Tech leaders have described the lack of internet access for some students as the “homework gap,” and research shows it affects about 5 million American families with school-age children. Mishawaka school officials believe that about 550 of the district’s high schoolers are in that category.
In the past year, Sprint has rolled out a program it calls the 1Million Project, which aims to provide internet access to 1 million students over the next five years.
In Mishawaka’s case, Sprint provided smartphones that can be used as wireless internet “hot spots,” giving students access to 3 GB of high-speed “LTE” data per month, enough to watch eight hours of video, send 300 emails and browse 200 web pages. After the first 3 GB, the service will continue for free but at a reduced speed.
Sprint requires students who receive the phones to either have no access to the internet at home, have access to the internet but only one computer or device shared among multiple siblings or have internet at very low speeds, such as obsolete dial-up service.
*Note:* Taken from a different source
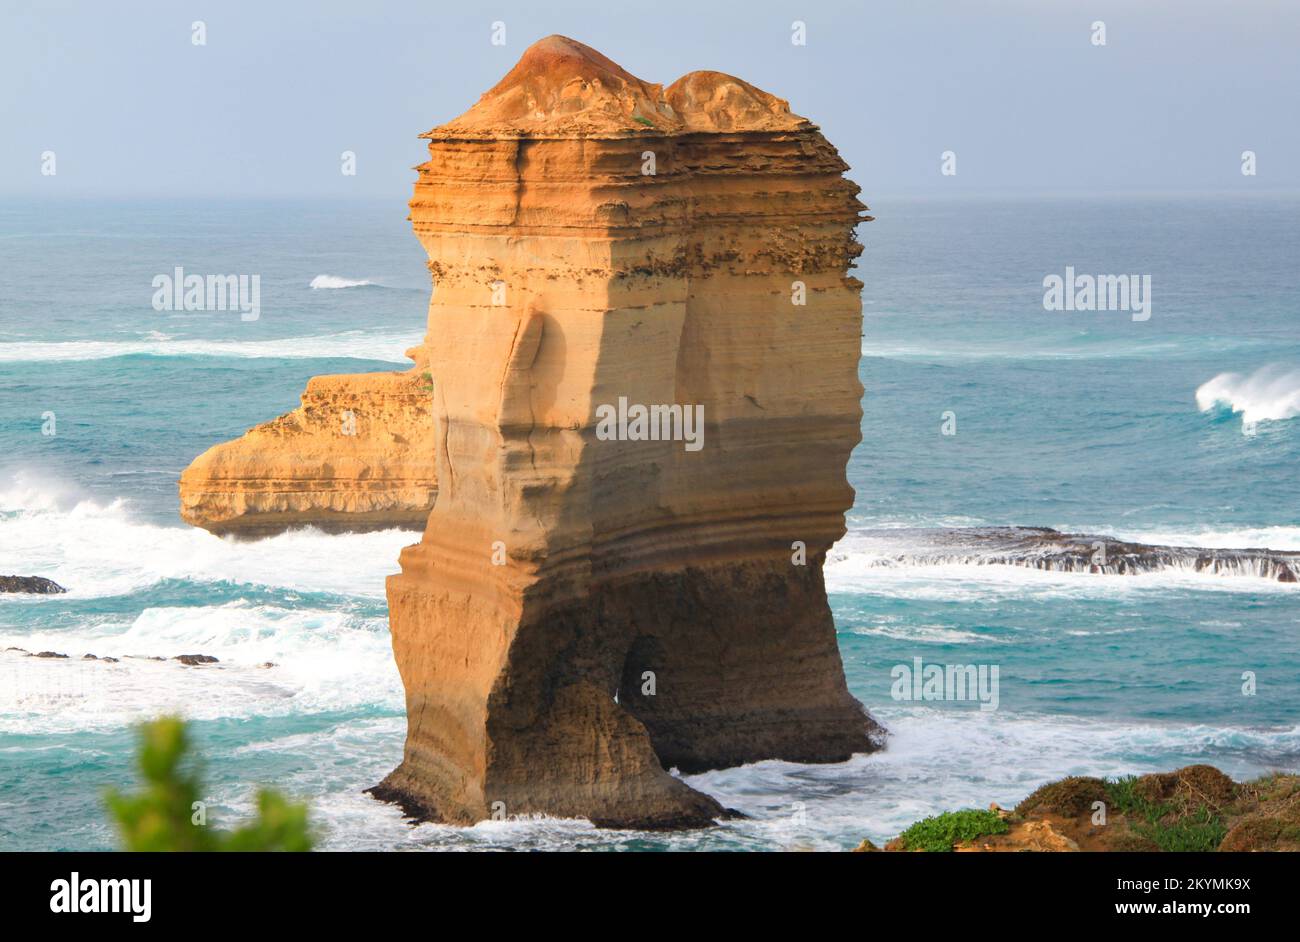 One of the twelve apostles on the Great Ocean Road south of Australia. Surrounded by high waves, he defies the mighty forces of nature Stock Photo

District officials say the devices also are equipped with filtering software that cannot be disabled, and Johnson said he hopes the limitations on data would encourage students to conserve the wireless capabilities for homework.
In a previous survey of high school students, the district found that about 550 students would likely qualify based on Sprint’s criteria. The program will be open to all Mishawaka High School students for the first year, with each student expected to receive the service through their high school career. Starting next year, the program will extend to each new freshman class for the next four years.
Staff distributed the smartphones after school Wednesday and plan to distribute them again Friday afternoon. Each student who receives a device must take another survey and have a signed parental consent form. Students were sent home with letters for parents about the program Monday, Johnson said.
A few dozen students made their way through a line to receive their devices Wednesday.
Zach Matthews, a sophomore, said he’s always had to spend time after school in a classroom or the school library to complete homework on a computer. On occasion, he’s missed assignments that were meant to be submitted online.
“Most of my classes have stuff I have to do online, and most makeup work is online,” he said. “Now I’ll be able to get it finished without any trouble.”
As the district’s technology director, Johnson has made a habit of finding unique ways to fill needs for students. Last year, he got 1,700 used laptops, worth about $1.2 million, through a government surplus program. Those computers were used for the district’s “one-for-one” initiative to supply every student with a laptop or tablet.
“Our administration encourages that type of innovative thinking,” he said. “The ability to jump on that and be nimble and responsive is great.”